# The Gutenberg Cantata



## blondheim (Jul 6, 2020)

I am looking for recordings of the original version of this piece. I am not looking for Hark the Herald Angels. Any suggestions for the actual Festgesang would be very welcome. I seem to find many many arrangements, but the original is more scarce. I do not own any recordings yet and have yet to find one in lossless. Help will be much appreciated, thanks in advance!


----------



## adriesba (Dec 30, 2019)

I tried finding a recording of this piece years ago, but found nothing. I assume no recording of it exists, but I could be wrong. If someone knows of one, I would also be very interested! 

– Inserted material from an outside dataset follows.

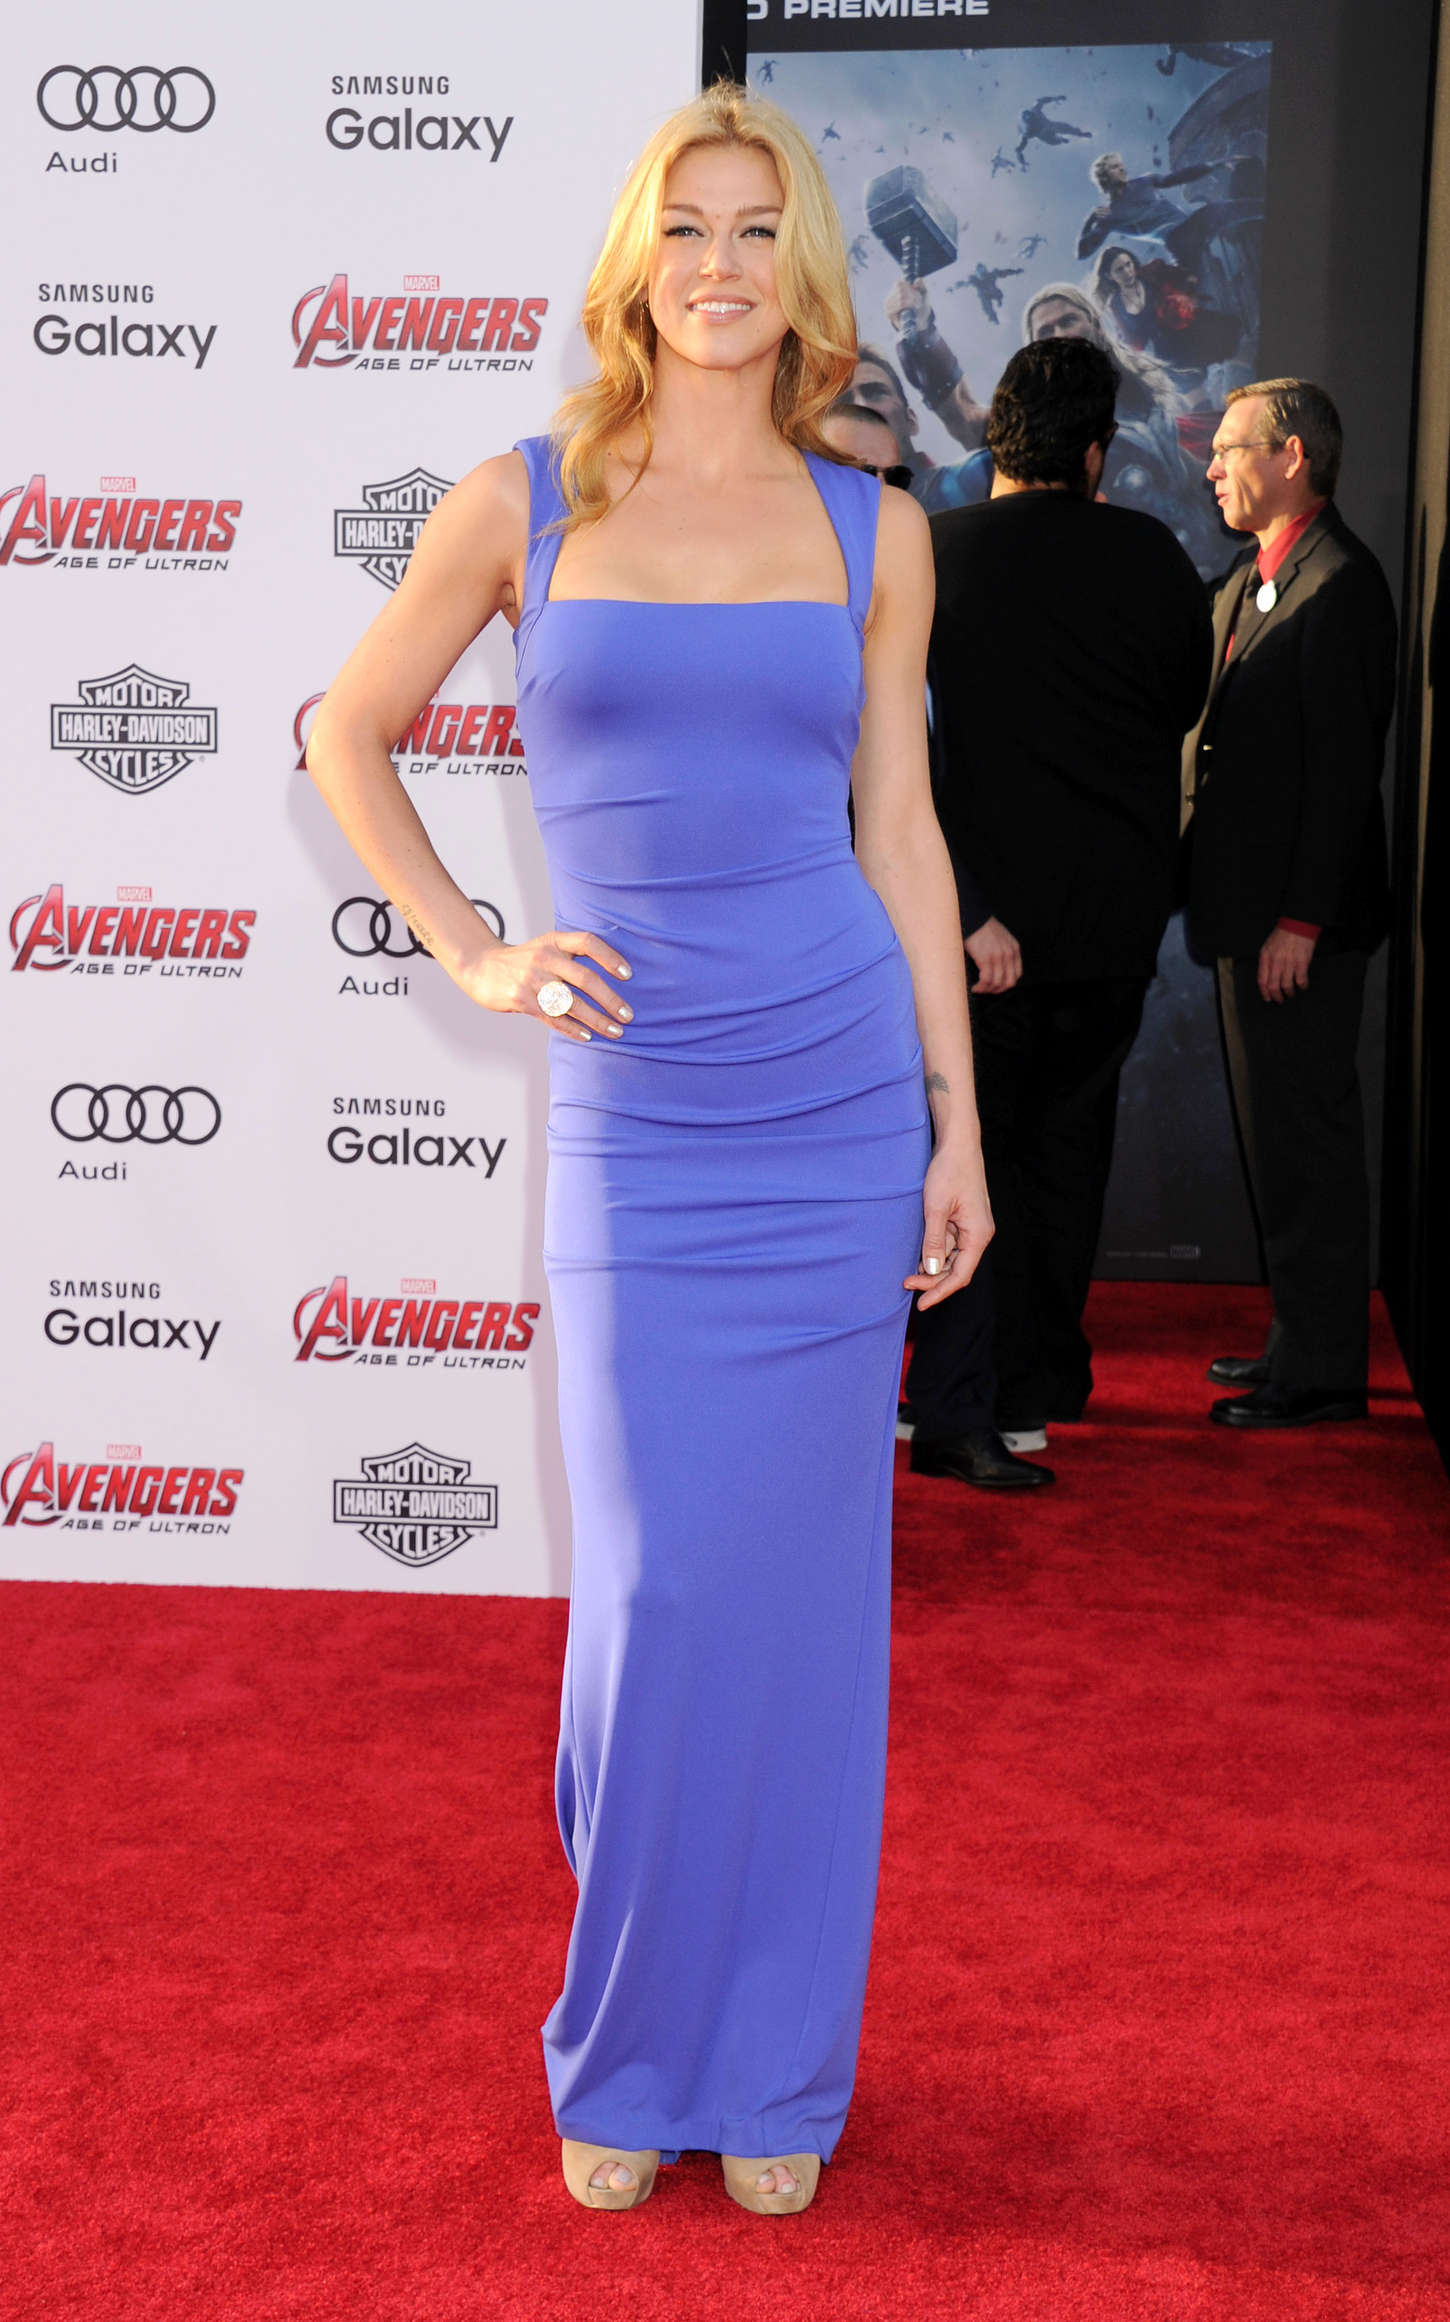 Adrianne Palicki avengers

By the way, what do you mean when you say you found many arrangements? Do you mean arrangements of the melody being used for hymns and such?


----------



## blondheim (Jul 6, 2020)

No, the tracks are named Vaterland... but they are longer than they should be, without the interesting bridge section, and have an (arr. by) or (ad. by) credit to them. I can't seem to find the original anywhere, only Midi-transcriptions of it.


----------



## Rogerx (Apr 27, 2018)

blondheim said:


> I am looking for recordings of the original version of this piece. I am not looking for Hark the Herald Angels. Any suggestions for the actual Festgesang would be very welcome. I seem to find many many arrangements, but the original is more scarce. I do not own any recordings yet and have yet to find one in lossless. Help will be much appreciated, thanks in advance!


No offence but did you check the internet?


----------



## blondheim (Jul 6, 2020)

Rogerx said:


> No offence but did you check the internet?


You know, weirdly I did, and my search being fruitless, I thought someone from this community might have some more information. Considering the name of the site.


----------